But many of the options do seem clear.
The most drastic option
That would be for the commission to recommend Countdown and Foodstuffs are forced to sell a large number of their stores to help make way for a third supermarket chain.
The commission said in its draft report that such forced divestments were an option.
If the commission does reach for the chain saw, there are at least three broad options for how it could be wielded, with plenty of scope also for some sort of ‘mix and match’.
Extreme impact: The commission could follow the advice of 2degrees founder Tex Edwards and undertake a scientific process to hand-pick at least 125 Countdown, New World and Pak ‘n Save stores for forced disposal.
The objective would be to allow a third supermarket entrant to quickly set up a like-for-like business in large cities.
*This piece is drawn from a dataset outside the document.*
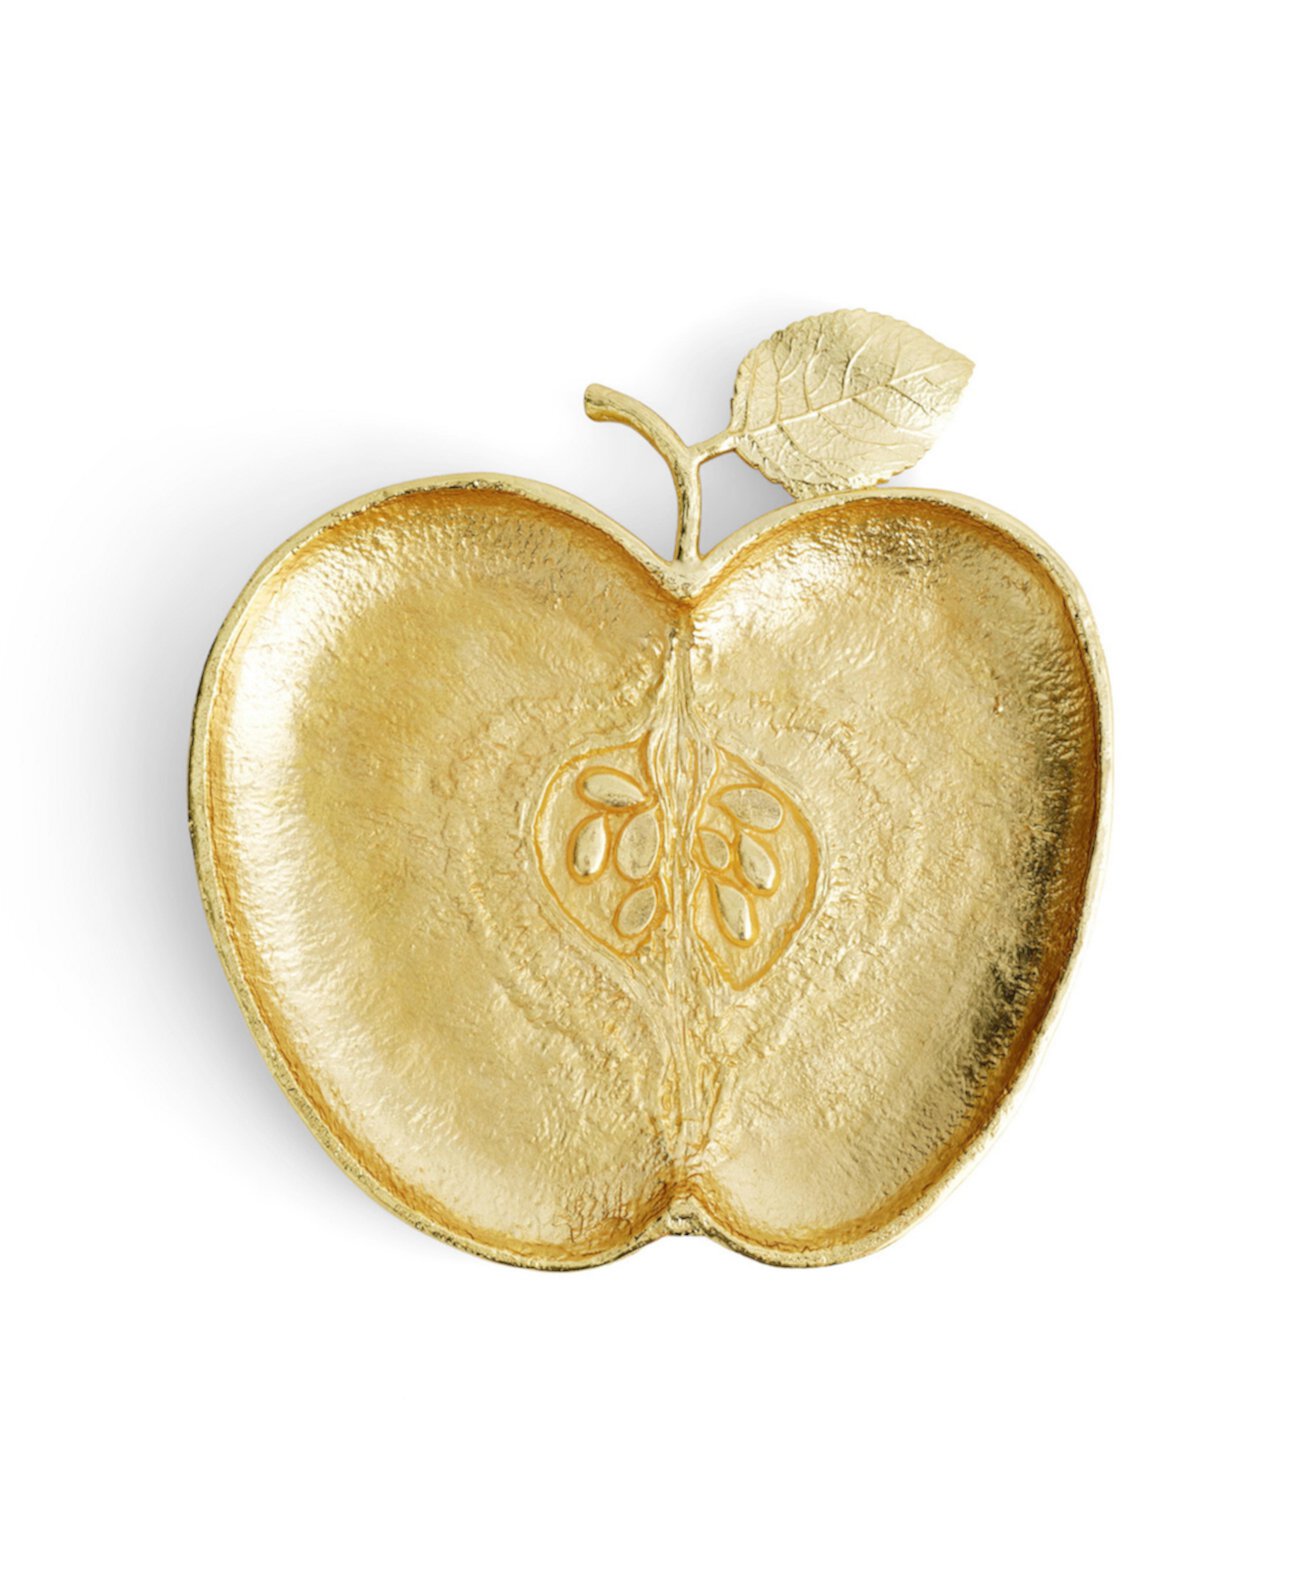 Золотая тарелка яблока MICHAEL ARAM

To entice a third operator, stores might need to be sold at a price that reflected what they would cost to build and kit out, rather than their market value which would probably be higher.
Many New Zealanders in big cities could expect to get the chance to shop nearby at a new chain.
Very high impact: The commission could decide that Progressive Enterprises should not have been allowed to buy Woolworths NZ in 2002 and recommend the acquisition be unwound.
The acquisition, which was approved against the commission’s initial advice after a court case, reduced the number of supermarket groups from three to two, now known as Foodstuffs and Countdown.
If that came about, Foodstuffs might emerge unscathed while Countdown’s business would be for the chopping board.
Edwards argues too much water has flowed under the bridge since 2002 for this to be the optimal option.
Also very high impact: The Commerce Commission could attempt a simpler, cleaner split by requiring Foodstuffs and Countdown sell their chains of smaller Four Square, Fresh Choice and SuperValue supermarkets to a new operator or operators.
That could set them up for partial ownership by iwi.
The assumption might be that the small store networks could then grow to become a bigger competitor to Countdown and Foodstuffs’ New World and Pak ‘n Save chains over time.
Matthew Tukaki, the chairman of the National Māori Authority, Nga Ngaru Rautahi o Aotearoa, has said this has “got to be an option among many things that need to happen”.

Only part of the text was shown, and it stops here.